Train, Validation, Test#

The dataset df is divided into features (X) and three different target variables (Y_1, Y_2, and Y_3), corresponding to predicting stock values for 1, 5, and 30 days, respectively. The data is then split into training (80%), validation (20%), and test sets (20%). This separation ensures that the machine learning models can be trained, validated, and tested on distinct subsets of the data, facilitating the evaluation of their performance on different time horizons.

df.sort_values(by='Date', inplace=True)
X = df.drop(['Date','Ticker','Target_1day', 'Target_5days', 'Target_30days'], axis=1)
Y_1 = df['Target_1day']
Y_2 = df['Target_5days']
Y_3 = df['Target_30days']

X_train_1_80, X_test_1, Y_train_1_80, Y_test_1 = train_test_split(X, Y_1, test_size=0.2, shuffle=False)
X_train_1, X_valid_1, Y_train_1, Y_valid_1 = train_test_split(X_train_1_80, Y_train_1_80, test_size=0.2, shuffle=False)


X_train_2_80, X_test_2, Y_train_2_80, Y_test_2 = train_test_split(X, Y_2, test_size=0.2, shuffle=False)
X_valid_2, X_train_2, Y_valid_2, Y_train_2 = train_test_split(X_train_2_80, Y_train_2_80, test_size=0.2, shuffle=False)
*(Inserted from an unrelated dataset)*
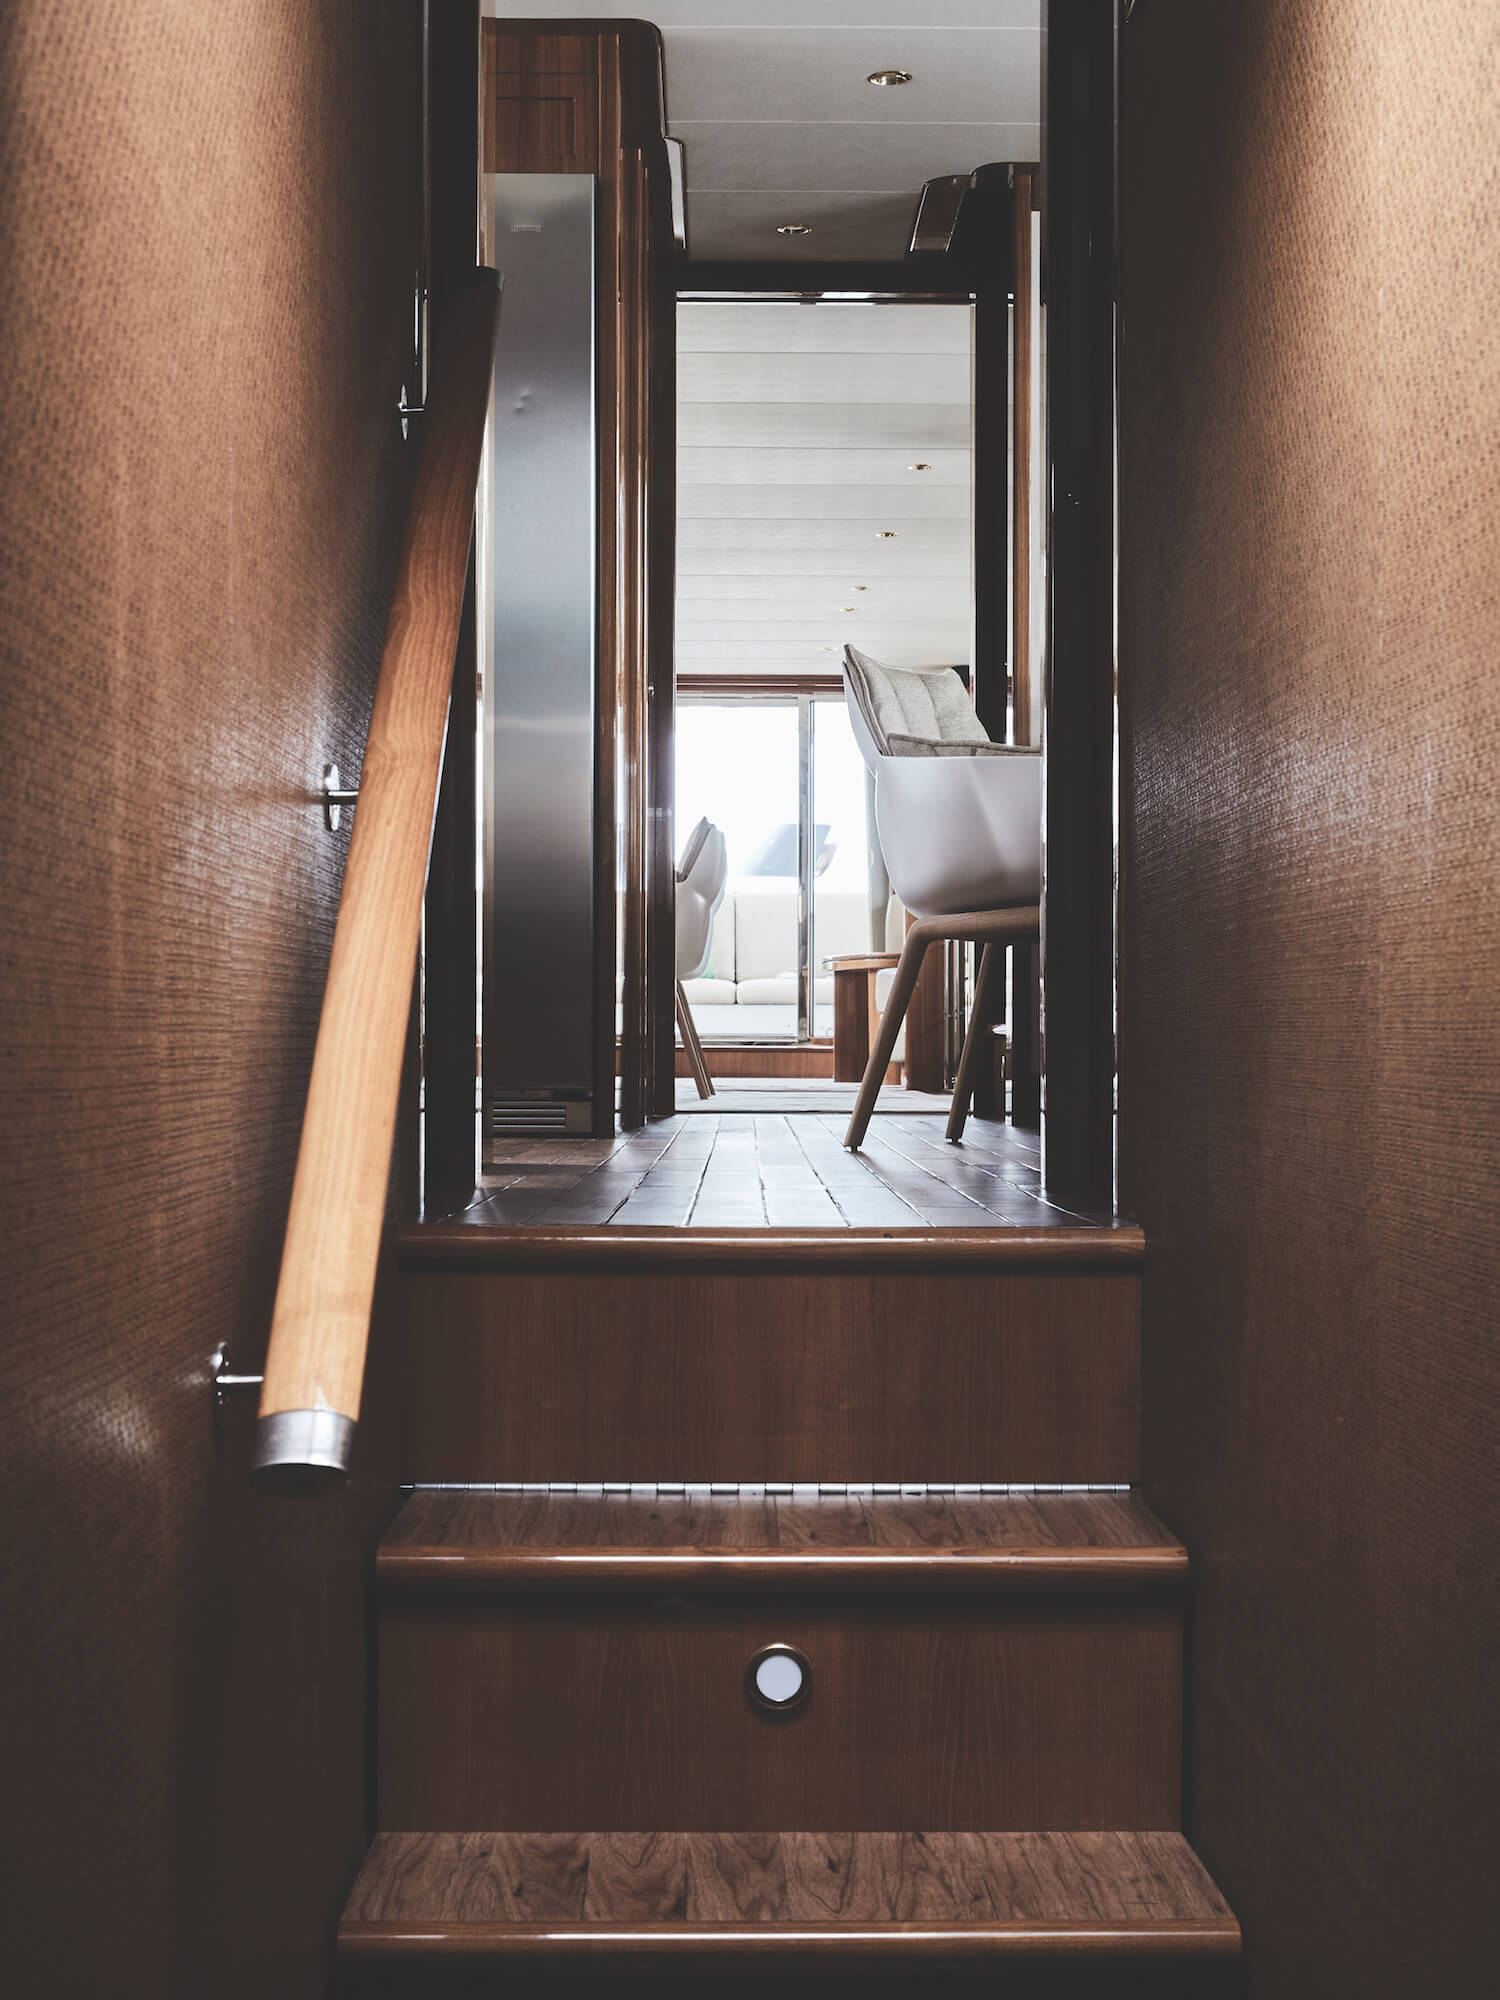 est living architecture robert bruce boat nexus designs 8
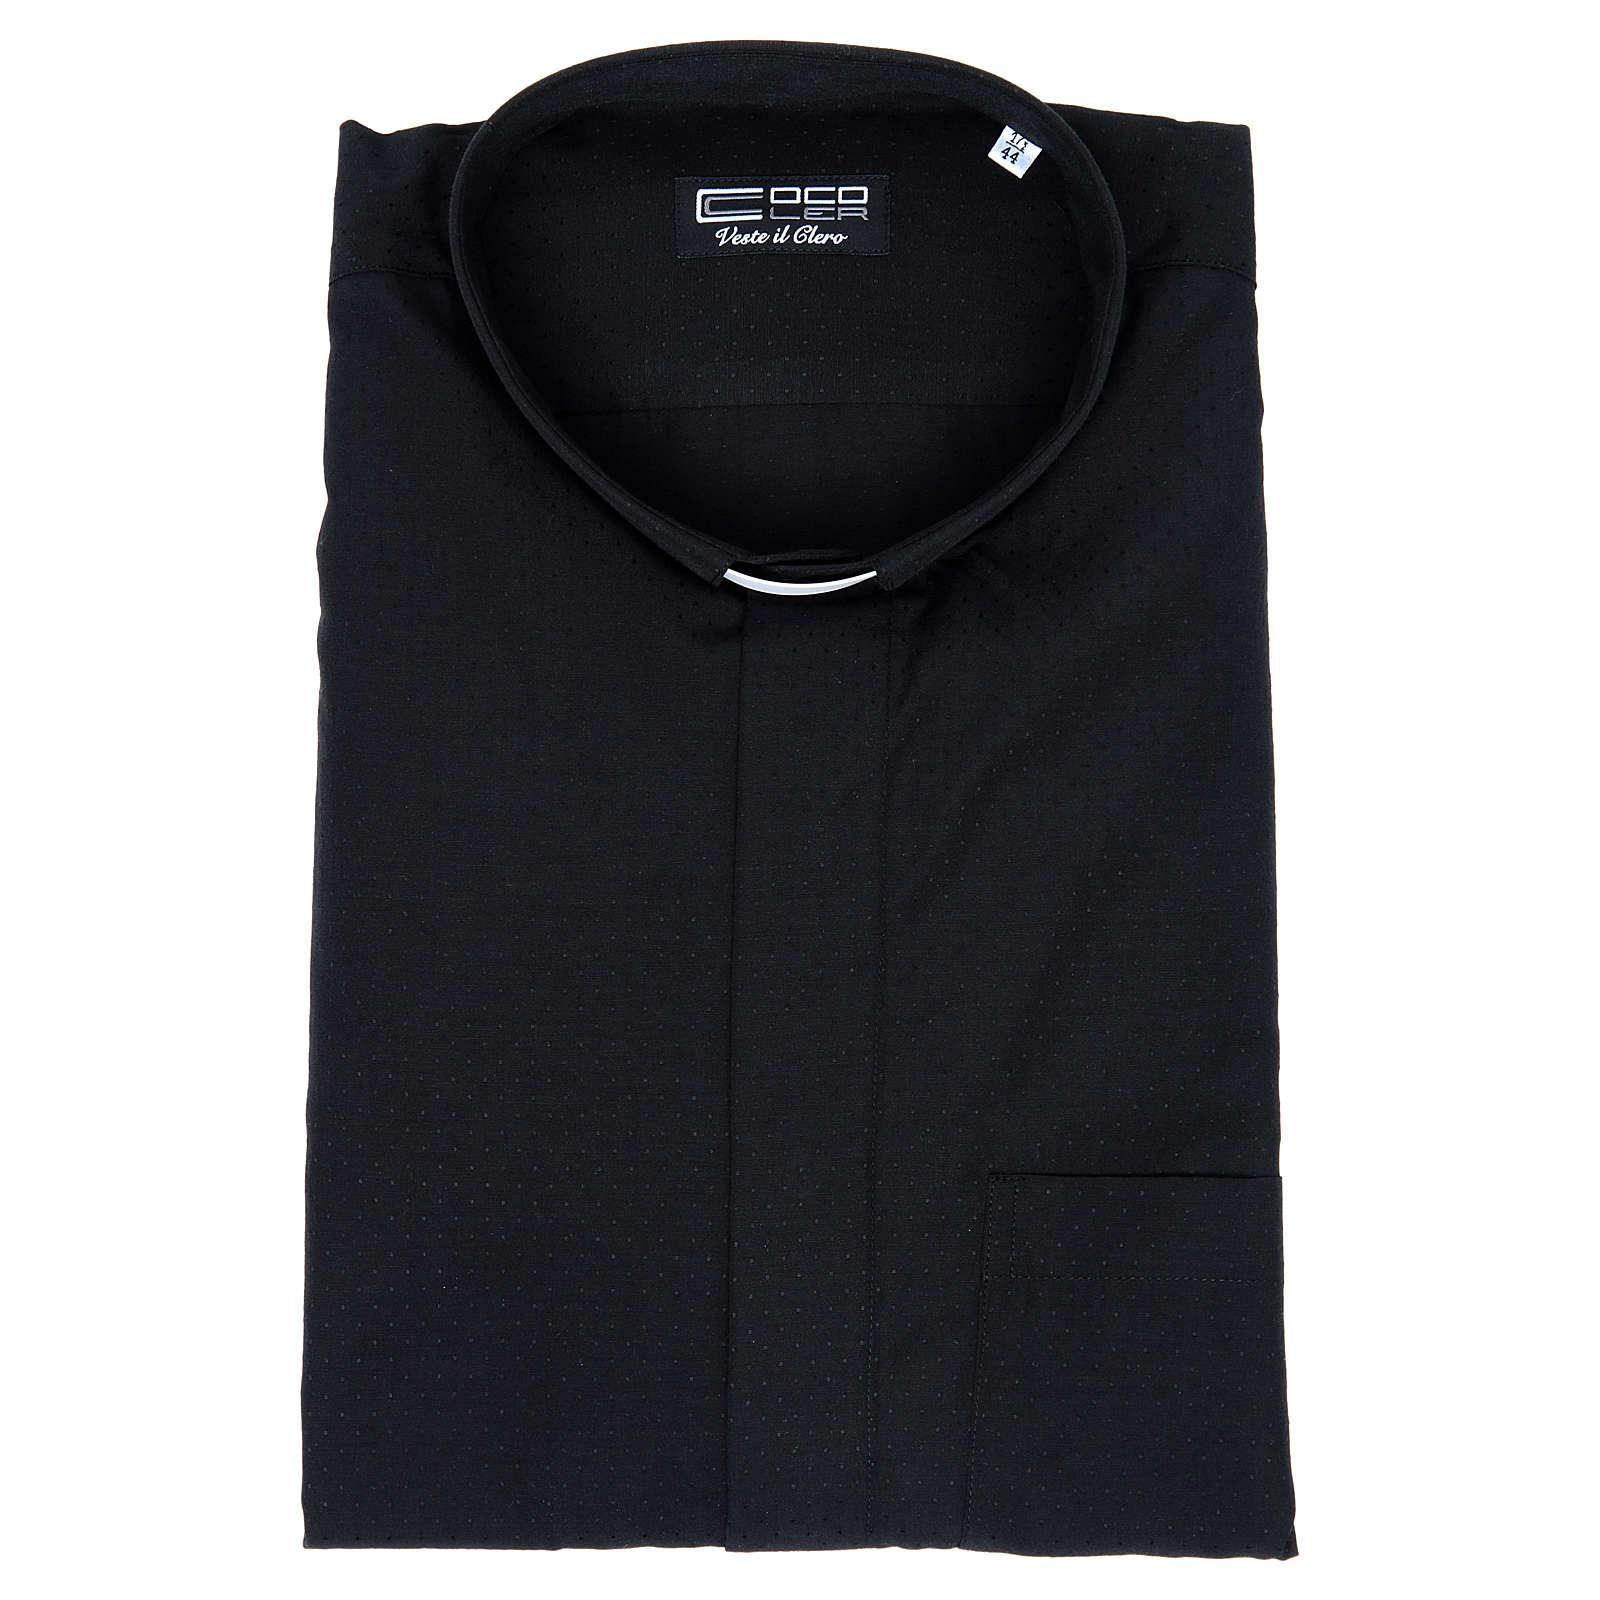 Chemise clergy coton polyester noir manches courtes 4

X_train_3_80, X_test_3, Y_train_3_80, Y_test_3 = train_test_split(X, Y_3, test_size=0.2, shuffle=False)
X_valid_3, X_train_3, Y_valid_3, Y_train_3 = train_test_split(X_train_3_80, Y_train_3_80, test_size=0.2, shuffle=False)

In addition to the training, validation, and test sets, we also create a scaled version of the training set for each target variable. This scaled version is used to train the machine learning models, ensuring that the data is standardized and can be processed effectively by the algorithms. The scaling process is performed separately for each target variable to avoid data leakage, ensuring that the training, validation, and test sets are not affected by the scaling process.

scaler = StandardScaler()

# Target 1 day
X_train_1_80_scaled = scaler.fit_transform(X_train_1_80)
X_valid_1_scaled = scaler.transform(X_valid_1)
X_test_1_scaled = scaler.transform(X_test_1)
X_train_1_scaled = scaler.transform(X_train_1)

# Target 5 days
X_train_2_80_scaled = scaler.fit_transform(X_train_2_80)
X_valid_2_scaled = scaler.transform(X_valid_2)
X_test_2_scaled = scaler.transform(X_test_2)
X_train_2_scaled = scaler.transform(X_train_2)

# Target 30 days
X_train_3_80_scaled = scaler.fit_transform(X_train_3_80)
X_valid_3_scaled = scaler.transform(X_valid_3)
X_test_3_scaled = scaler.transform(X_test_3)
X_train_3_scaled = scaler.transform(X_train_3)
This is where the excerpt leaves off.